Color blindness (color vision deficiency) is the decreased ability to see color or differences in color. It can impair daily color tasks such as selecting ripe fruit or choosing clothing, as well as safety-related tasks such as interpreting traffic lights. While the disability of color blindness is considered minor, the use of color in safety systems excludes the color blind from many occupations. Screening for color blindness in these occupations is accomplished with color vision tests, often the Ishihara test. There is no cure for color blindness, but management of color vision may be possible with apps or color correcting lenses.

==Varieties==
There are several kinds of lenses that claim to increase accuracy in color-related tasks. The lenses may be eyeglasses, contact lenses or handheld lenses, and may be distinguished according to their working principle.
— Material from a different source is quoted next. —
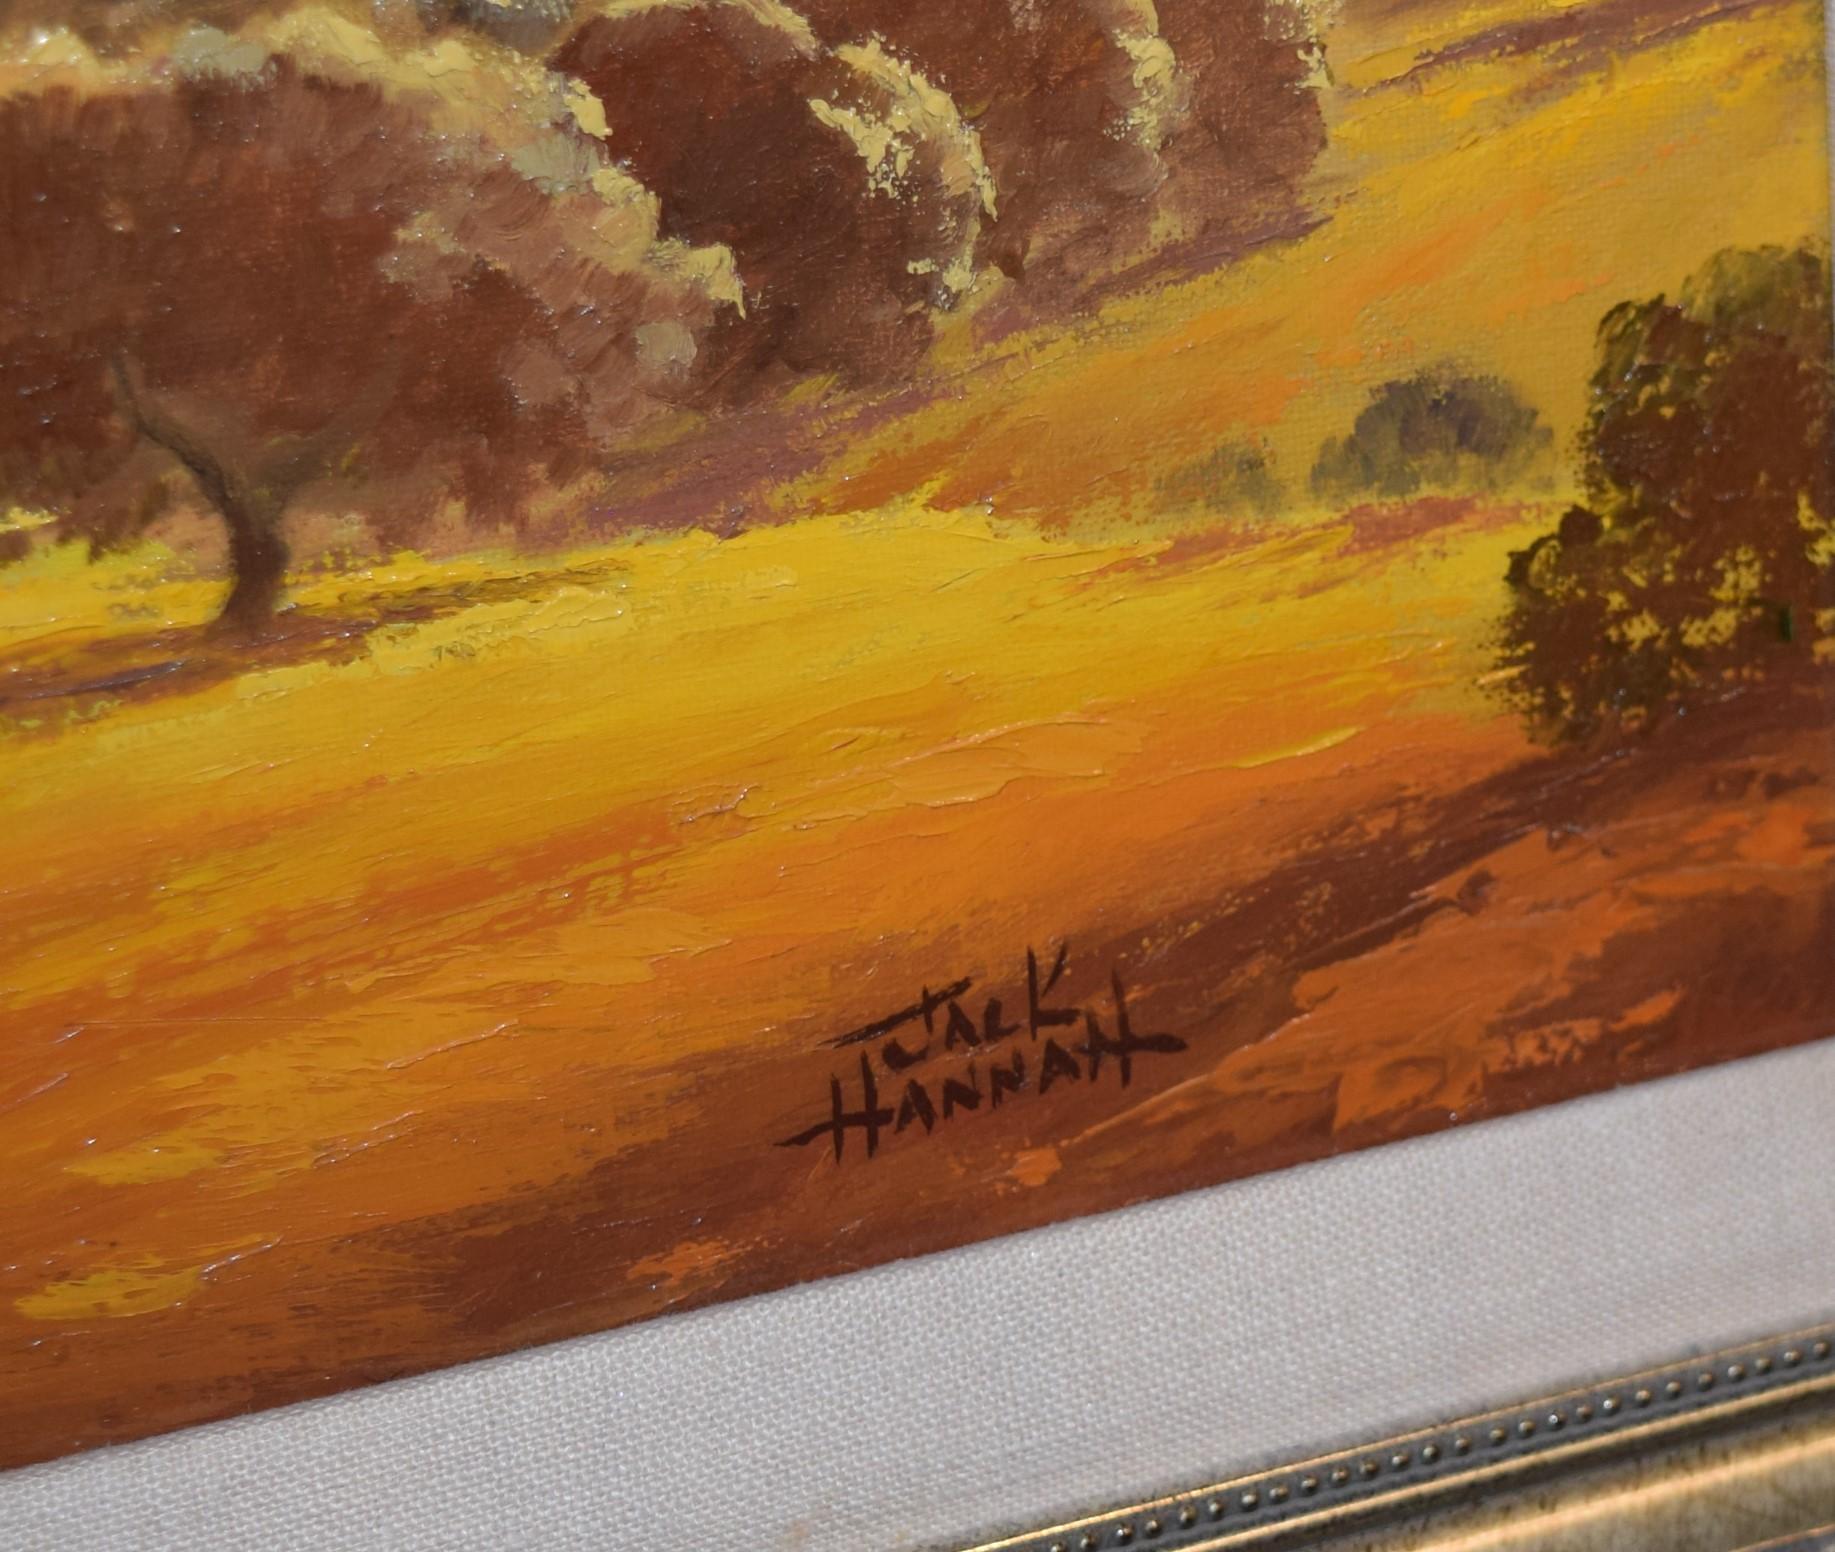 Jack Hannah (American, 1903-1994) "Autumn Hillside" Oil on Canvas

Most lenses are intended for red-green color blindness, though some lenses are also marketed for blue-yellow color blindness. All lenses are passive optical filters, so can only subtract/attenuate selective wavelengths of light. However, there are large variations on this theme:

- Disparate lenses: using different filters over each eye
- Monocular lenses: using a filter on only one eye
- Binocular lenses: using the same filter over both eyes

===Disparate lenses===
The idea of using colored filters as color correcting lenses originated from August Seebeck in 1837. In 1857, James Clerk Maxwell constructed red and green glasses according to Seebeck's theory. Seebeck noticed that red and green lenses change the relative luminosity of colors that the red-green colorblind usually saw as metamers and the subjects could thereby estimate the correct color. Based on these results, Maxwell hypothesized that color perception would improve after prolonged exposure to the glasses.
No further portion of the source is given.